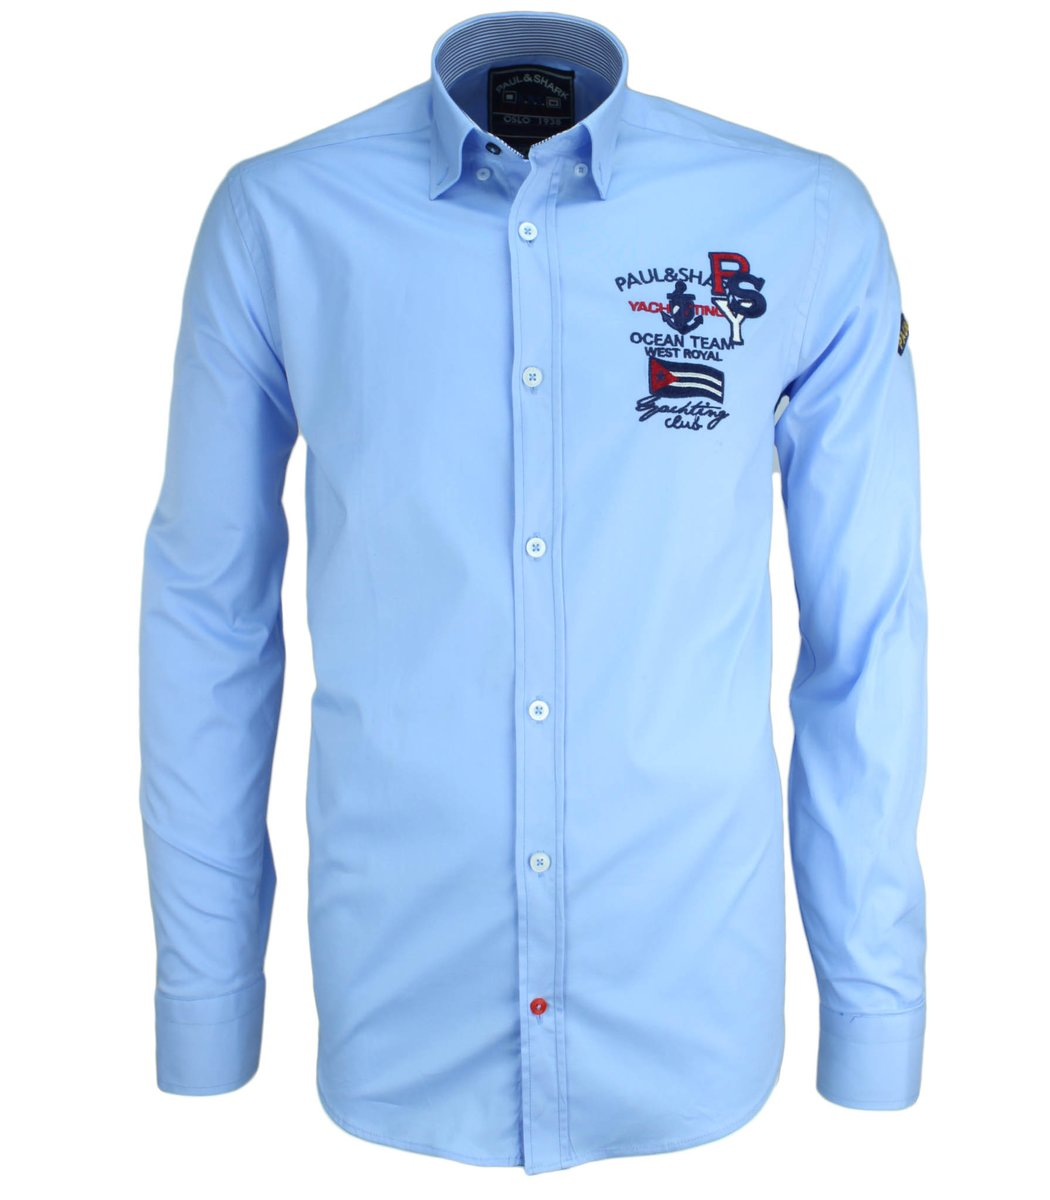 Голубая рубашка Paul&Shark RP3 (2895)
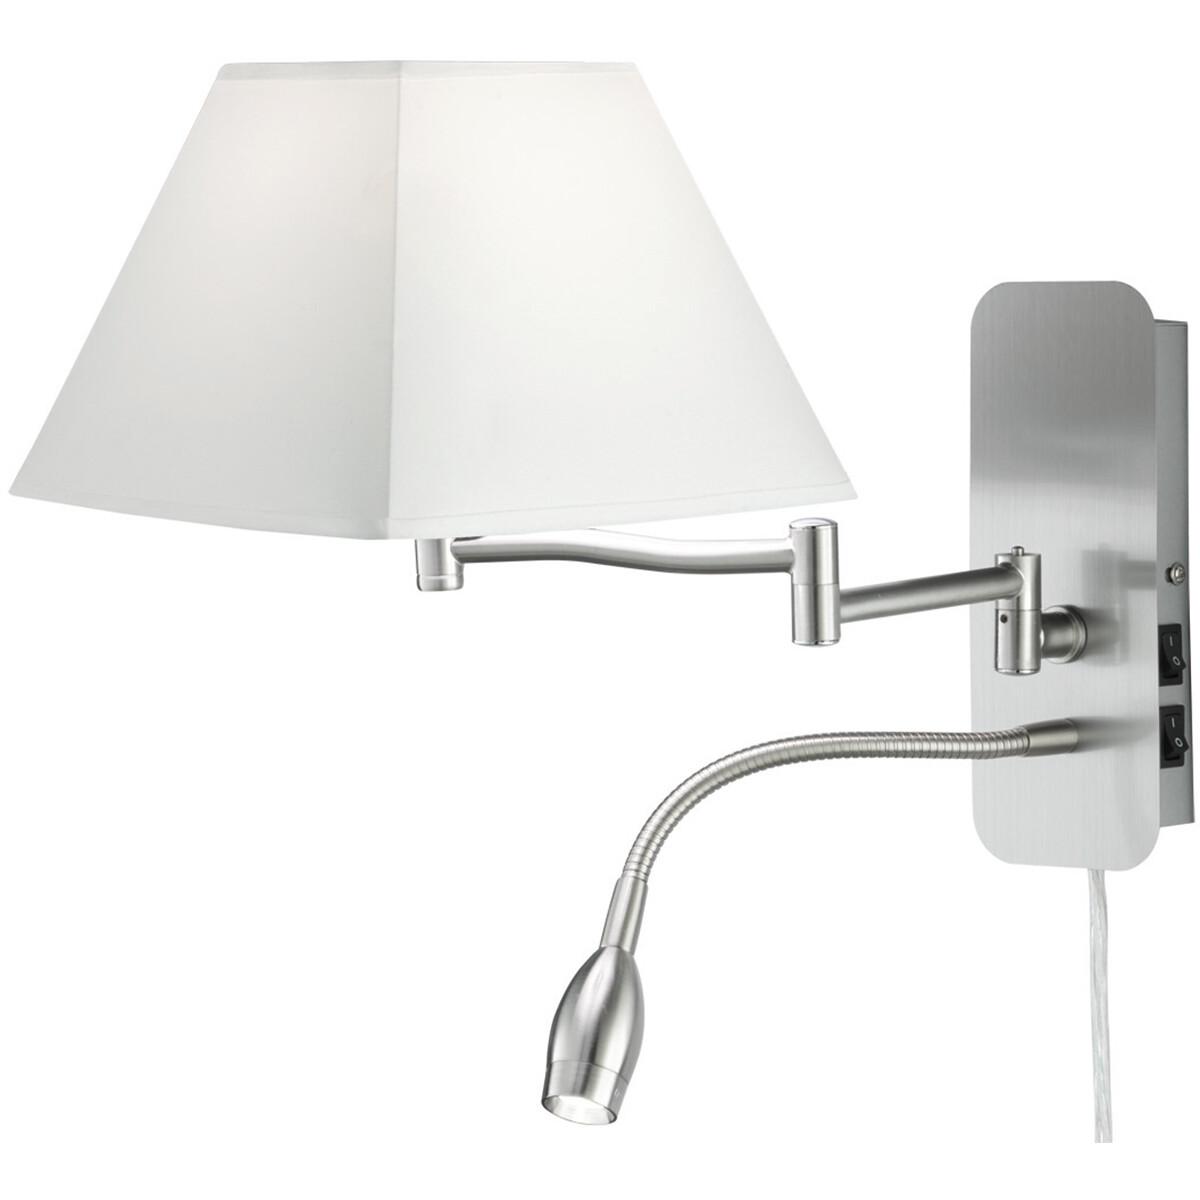 OSRAM - LED Wandlamp - Trion Hotia - E14 Fitting - 3W - Warm Wit 3000K - Vierkant - Mat Wit - Alumin
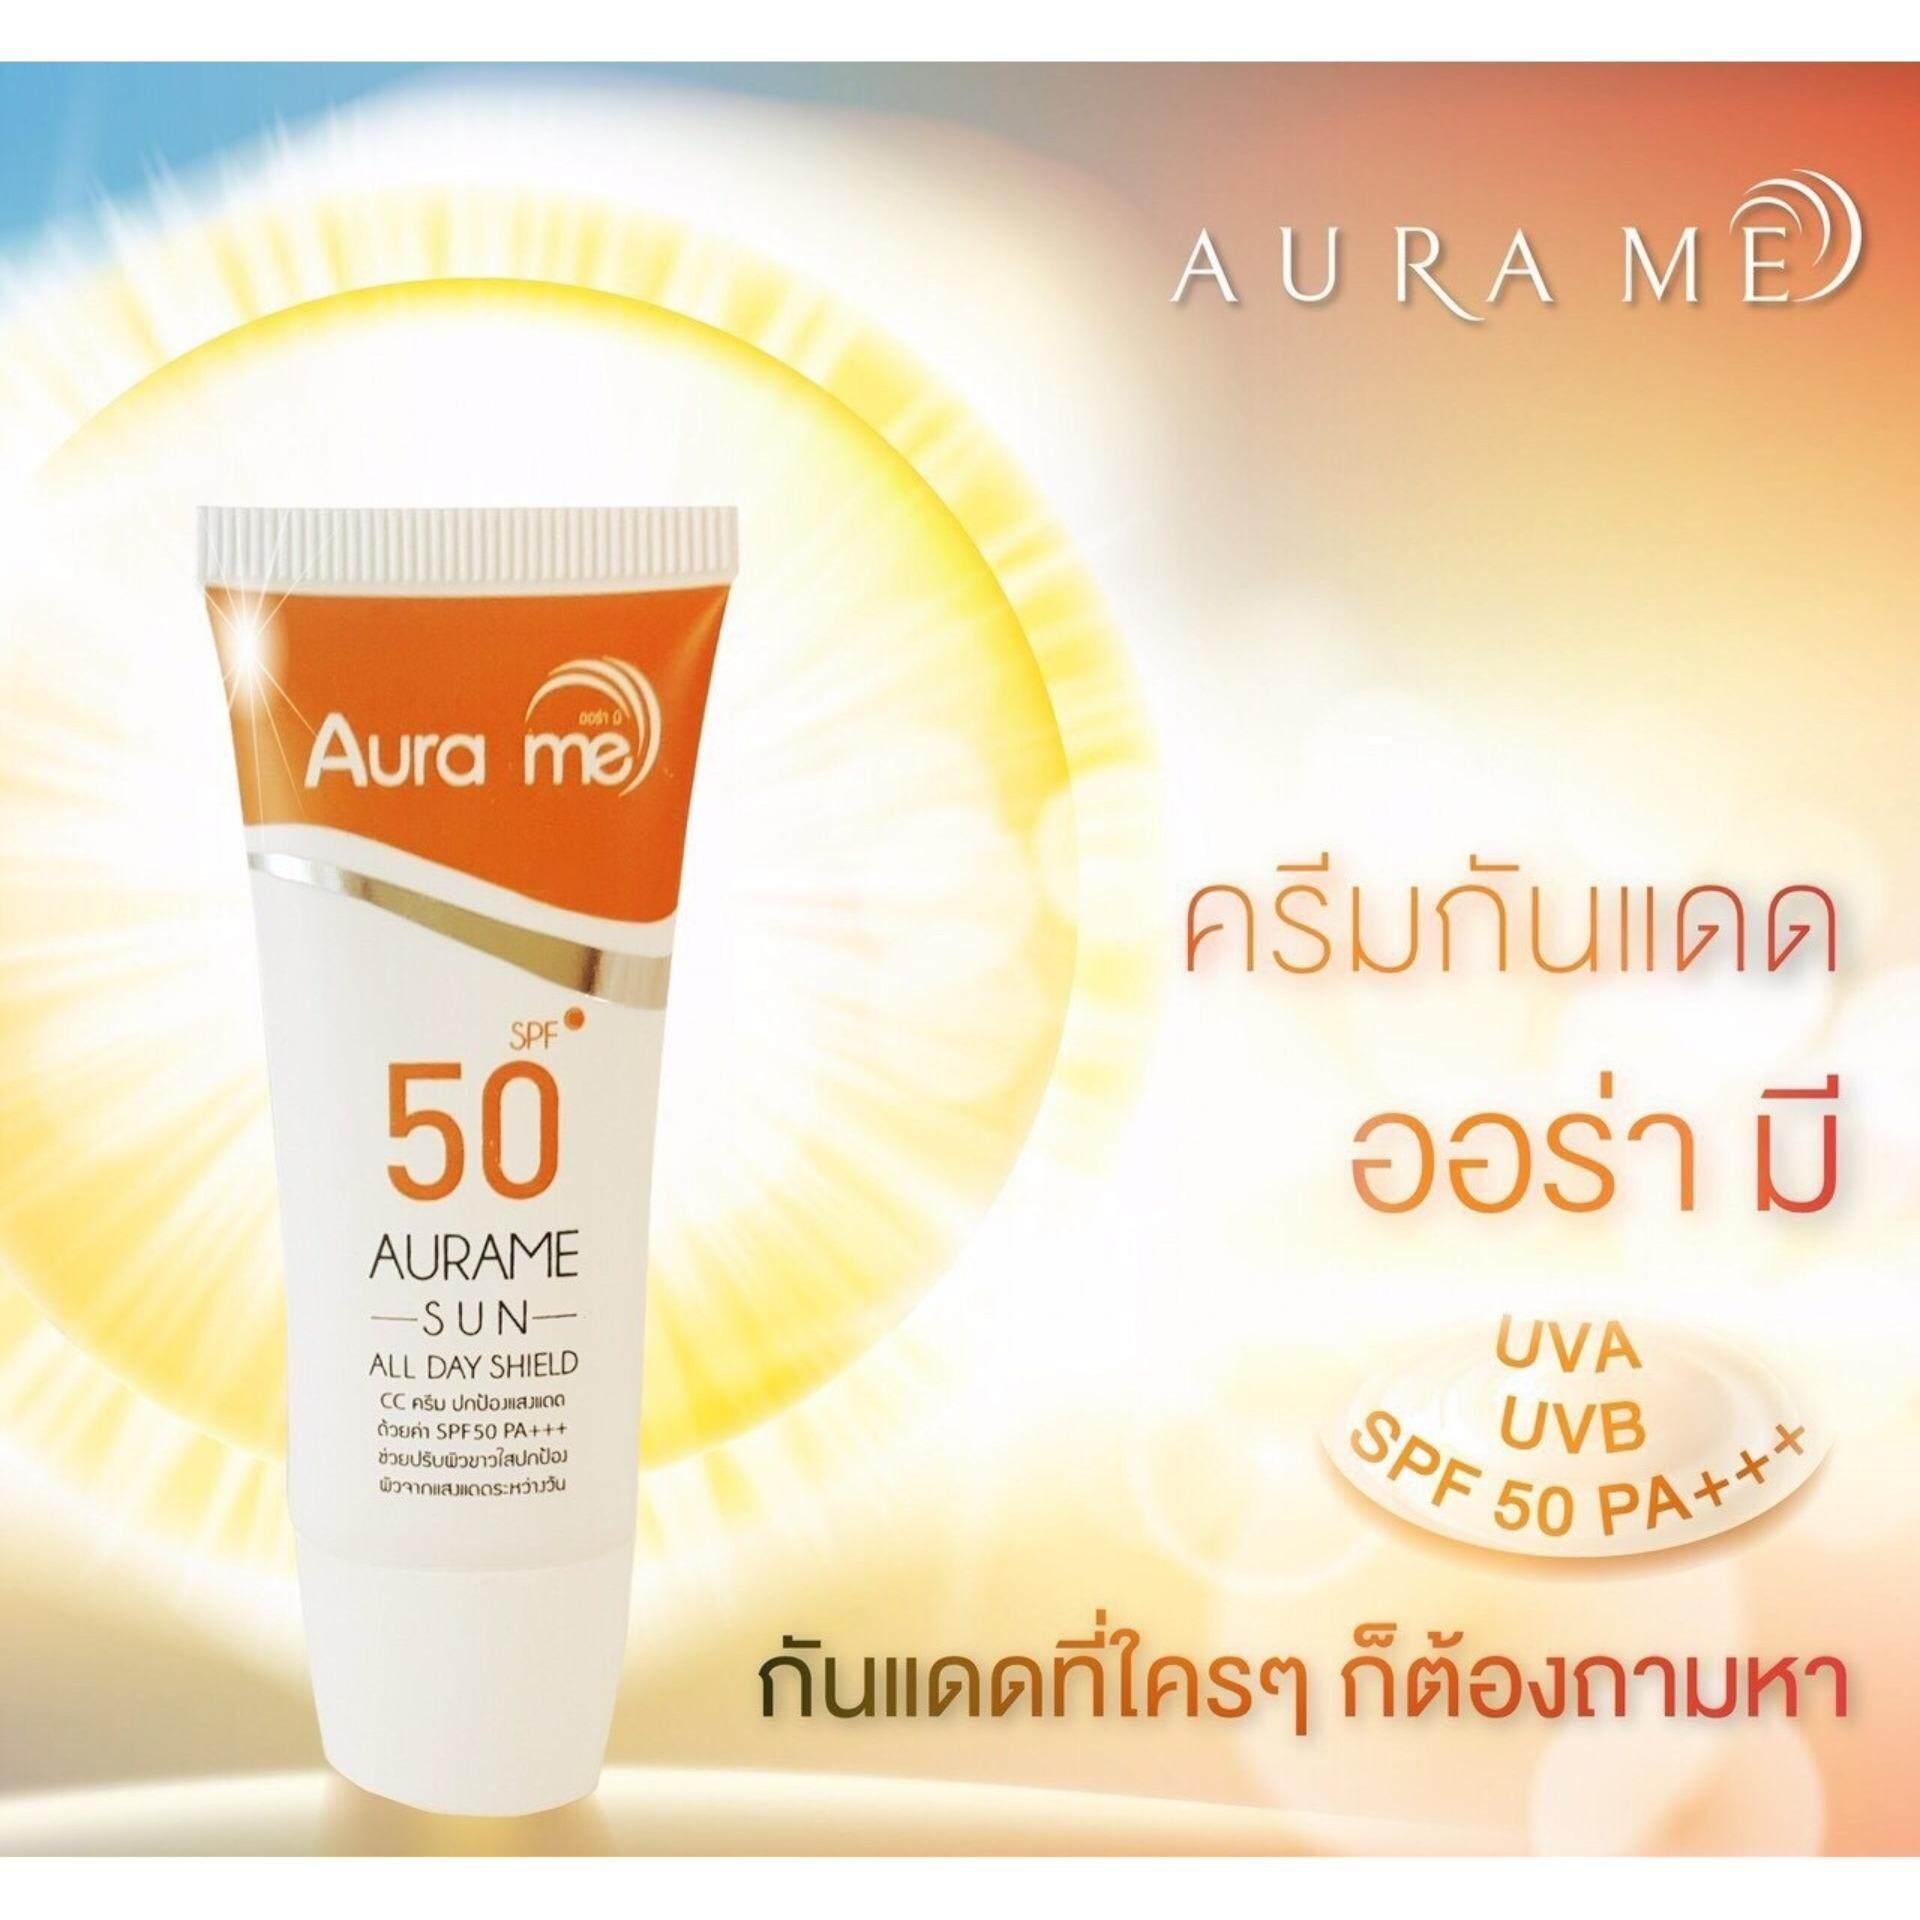 Aura Spf50 Aurame ครีมกันแดดออร่ามี สูตรกันน้ำ Me Pa

○ ○ ○ ○ ○ ○ ○

> What is expected: An image-free, exact version of the listing above is required.

> Response:
 Голубая рубашка Paul&Shark RP3 (2895)
 OSRAM - LED Wandlamp - Trion Hotia - E14 Fitting - 3W - Warm Wit 3000K - Vierkant - Mat Wit - Alumin
 Aura Spf50 Aurame ครีมกันแดดออร่ามี สูตรกันน้ำ Me Pa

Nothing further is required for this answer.